The task: Output all of the lines below exactly, and leave out each image.

Dataset extract Block Start

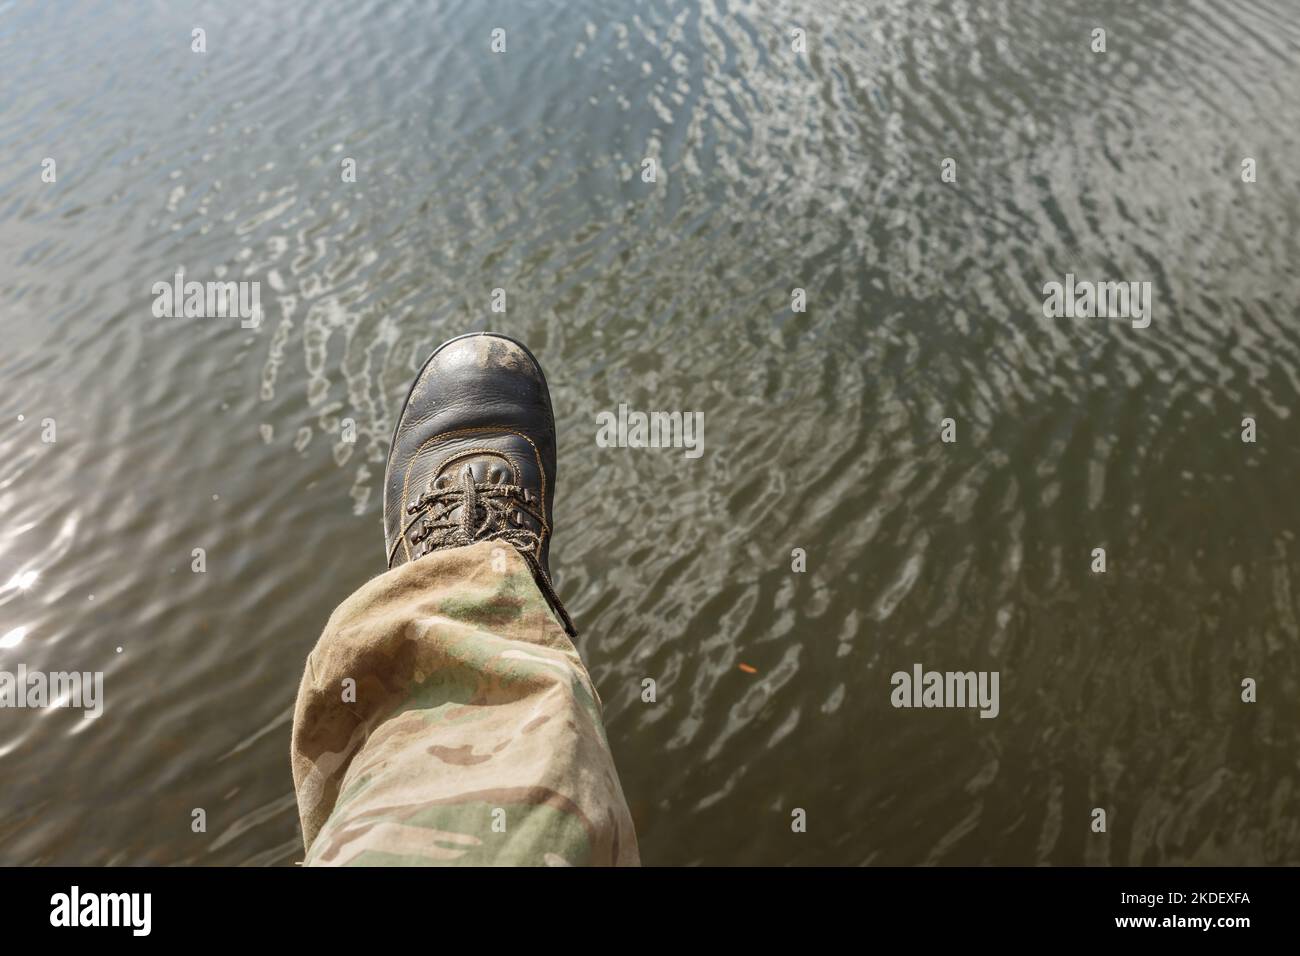 Partie basse de la personne au-dessus de l'eau. La jambe gauche d'un homme dans un pantalon de camouflage et de vieilles bottes se décale au-dessus de l'eau. Banque D'Images
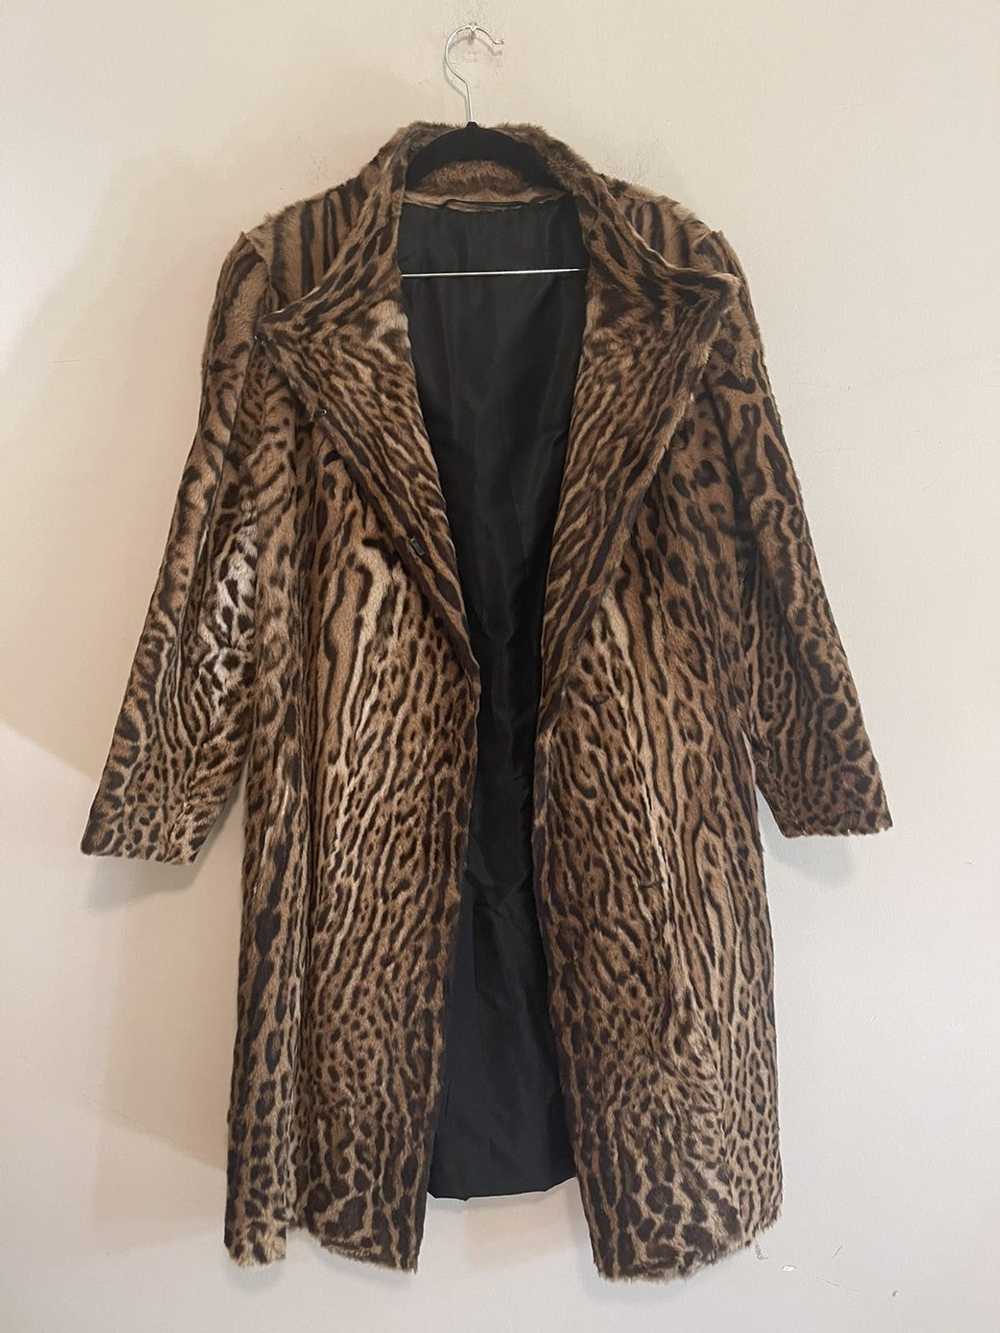 Vintage Vintage Leopard Jacket - image 1
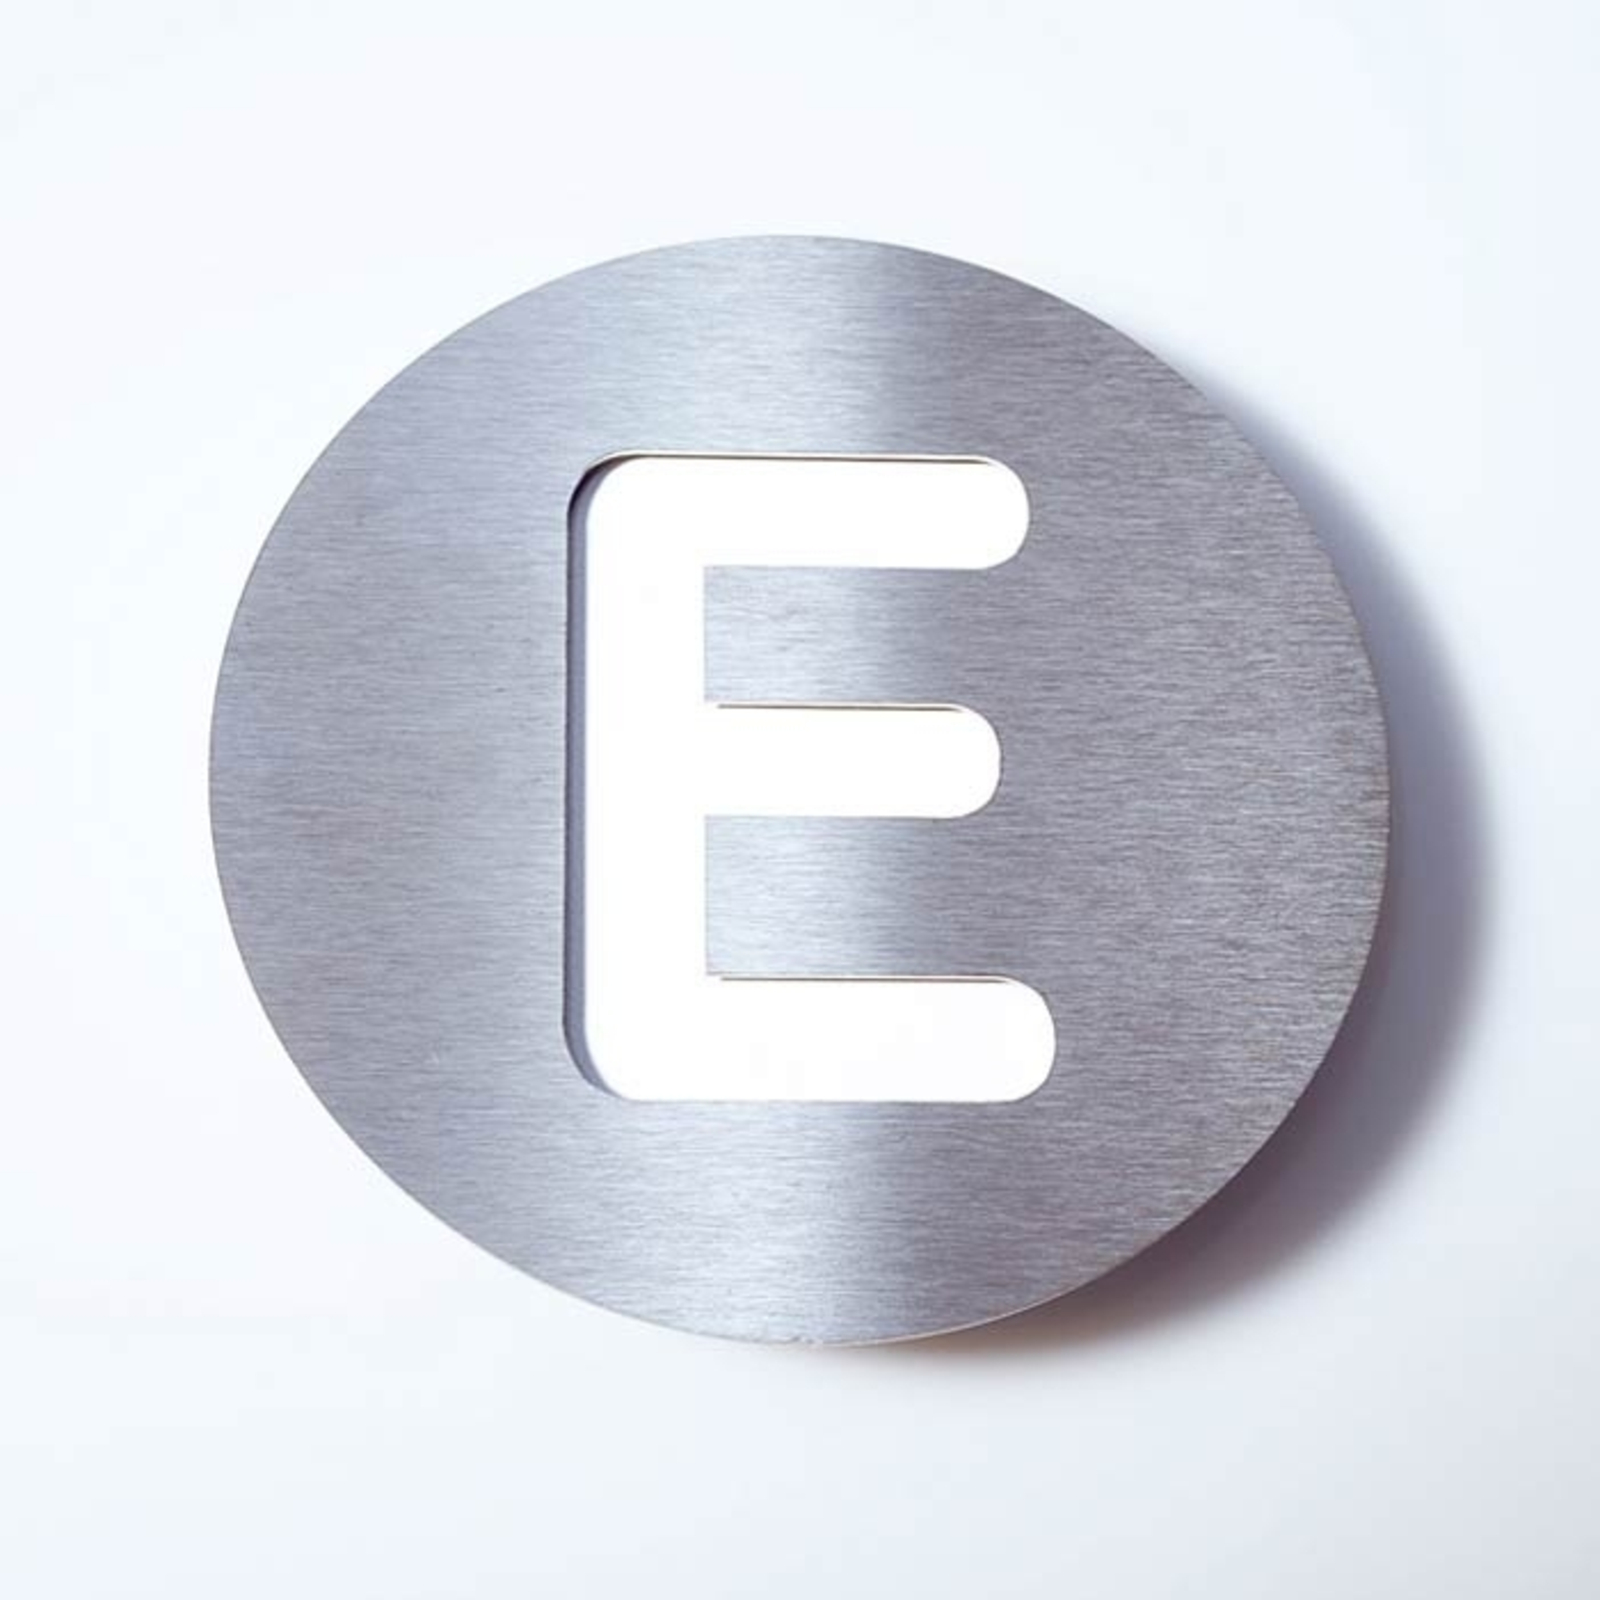 Číslo domu z ušľachtilej ocele Round – E

Dataset extract Block End

Response box:
 Partie basse de la personne au-dessus de l'eau. La jambe gauche d'un homme dans un pantalon de camouflage et de vieilles bottes se décale au-dessus de l'eau. Banque D'Images
 Vintage Vintage Leopard Jacket - image 1
 Číslo domu z ušľachtilej ocele Round – E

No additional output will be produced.